Garth rose an eyebrow and sat at the table with Freda and Maximus at opposite ends.
“Is this some sort of sick joke?” Garth frowned, not understanding.
“It’s a puzzle I’m sure you can figure out. The rules are simple really. I’ll give you a hint, you must cheat.” Lester purred and curled his lips into a devious smile, “You could even say it has the power to help you in many realms other than this one.”
Garth contemplated how he could possibly cheat his way out of this world? A spell that got them into it could also get them out, but how? He got his spellbook out and flipped through it. There was nothing new other than the standard spells.
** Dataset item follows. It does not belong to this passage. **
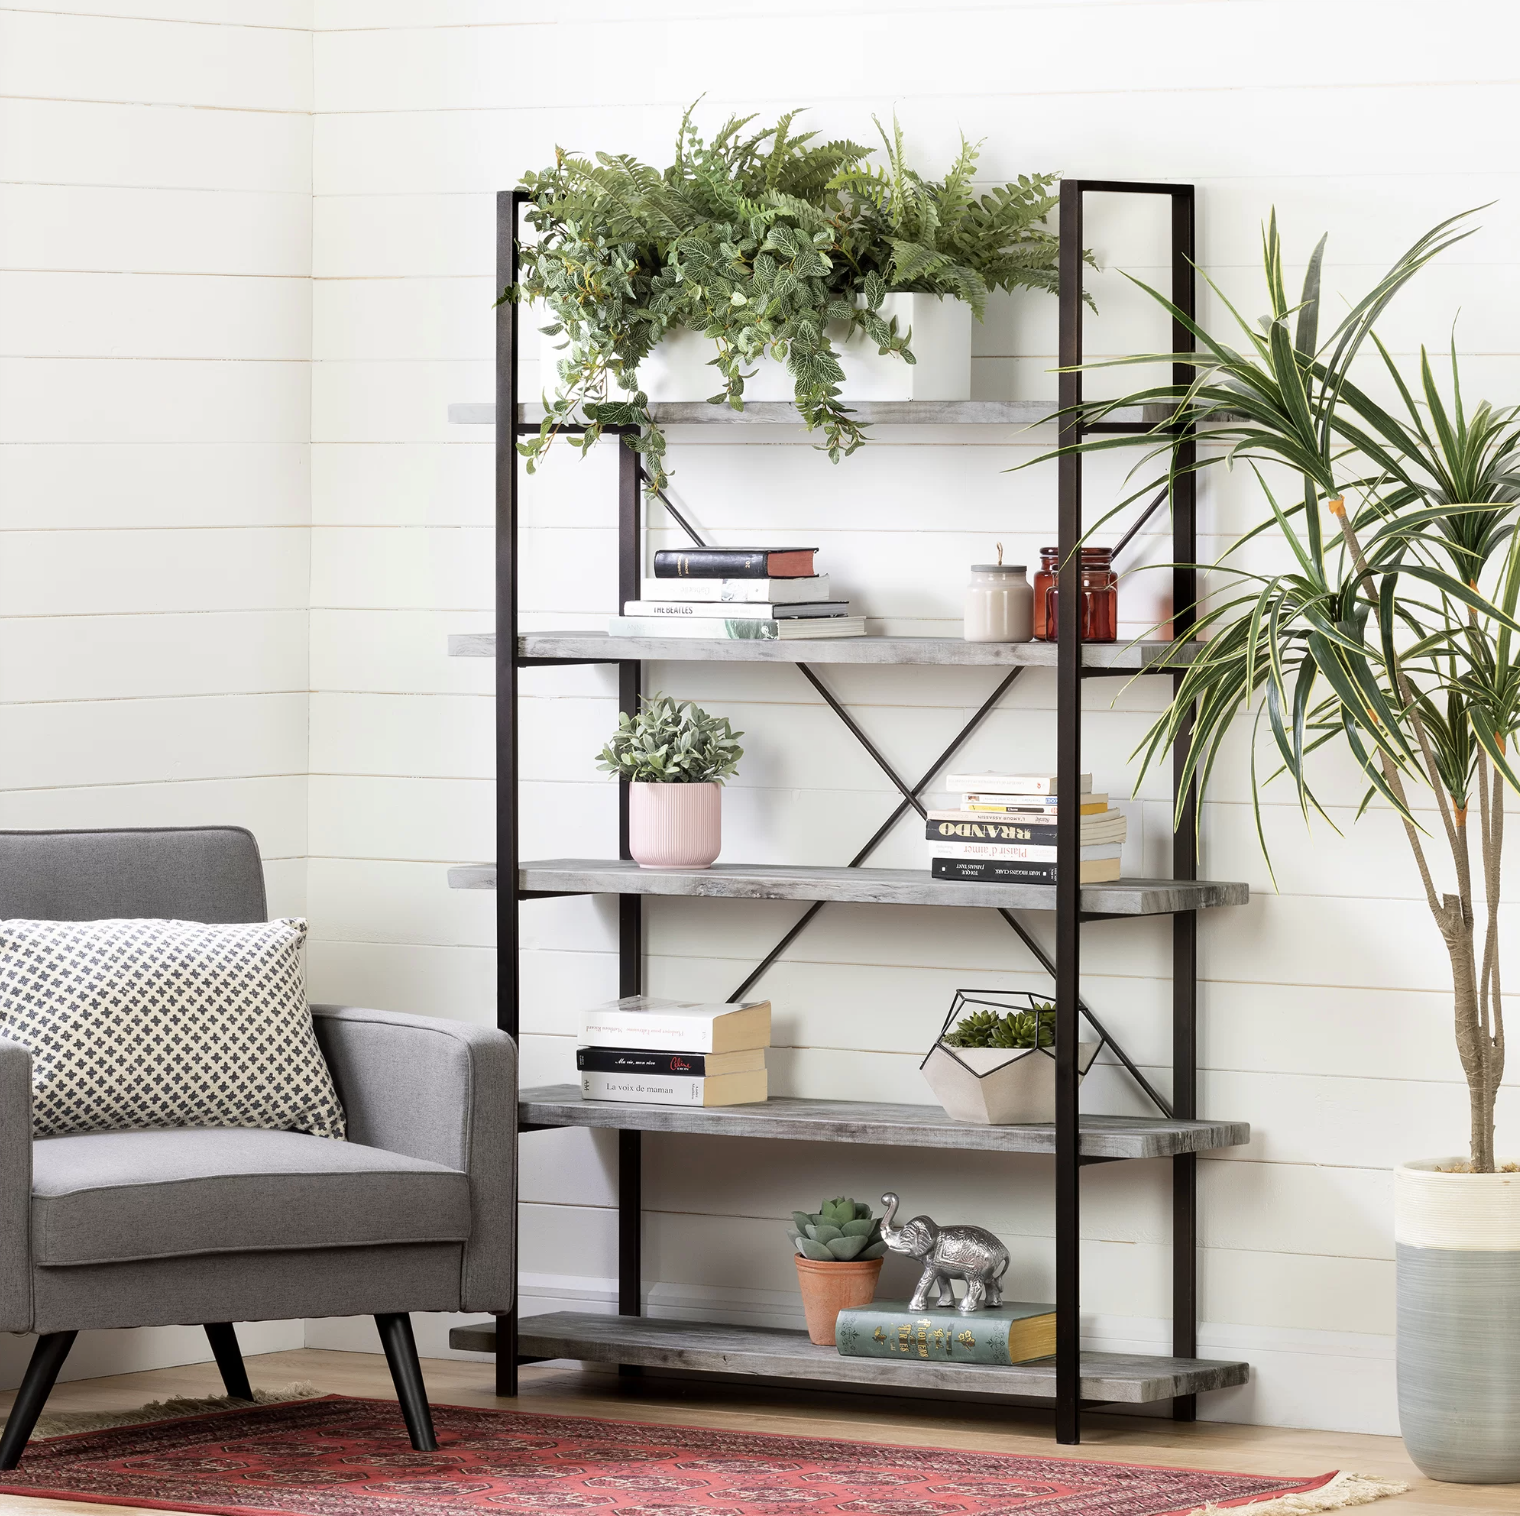 The bookshelf in a living room with books and plants on it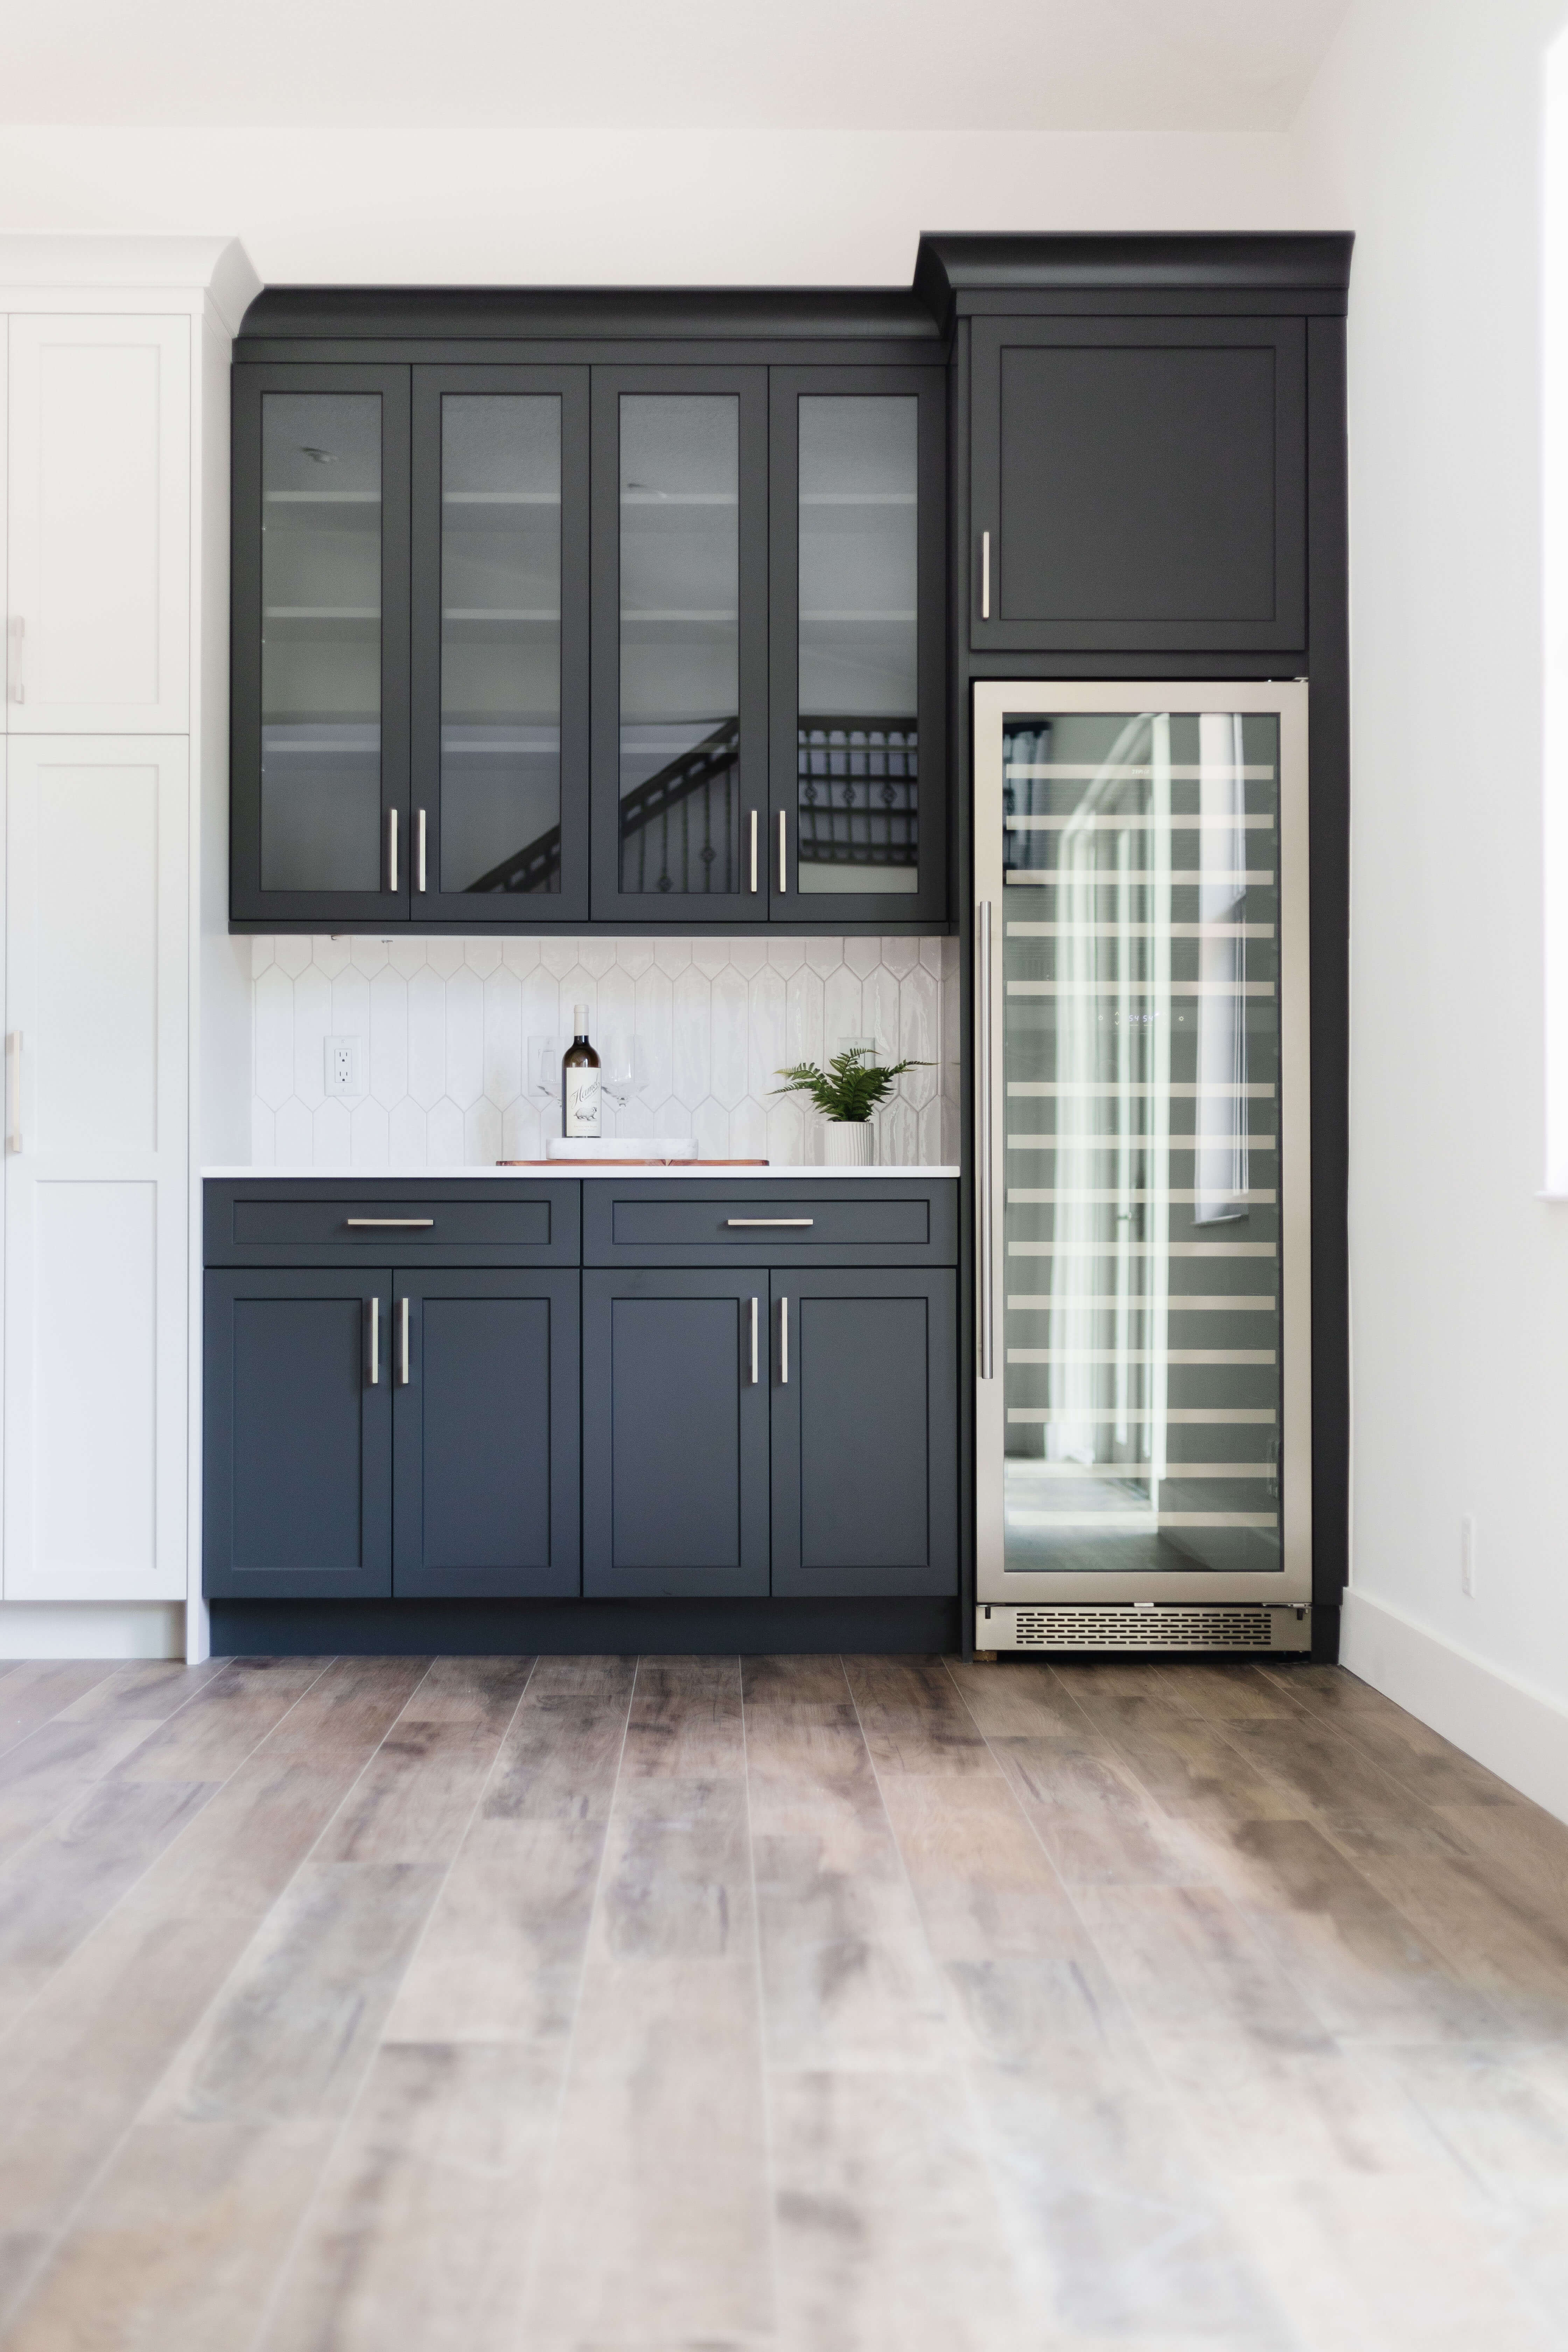 The dark gray, black painted cabinets with a wine & beverage fridge and buffet table space.

Garth sighed, sitting there at a loss for what felt like hours until he lifted his head and stared at Lester.
“This is stupid! What kind of puzzle is this, Ted?” Maximus would raise his fist to the sky. “I’m done playing games. Sitting here solving riddles isn’t going to get us home! There has to be some man we talk to or a dungeon in the depths of a cave that holds the spell! Give me something to smash!” He nearly lunged himself at Lester in aggravation.
Garth winced as his friend roared in dismay while Freda was preoccupied with keeping Maximus at bay.
“If it’s Ted’s game we’re playing then we’ve got to think like Ted.” Garth ran his hands through his hair, grasping at it like straws.
Freda patted Maximus down beside her. “What could be a universal cheat that would work in our world?”
Maximus grumbled with his short temper, “After this I’m going back to old school games. Those are easy. You don’t ever see this type of shit happening with Spyro or Mortal Kombat.”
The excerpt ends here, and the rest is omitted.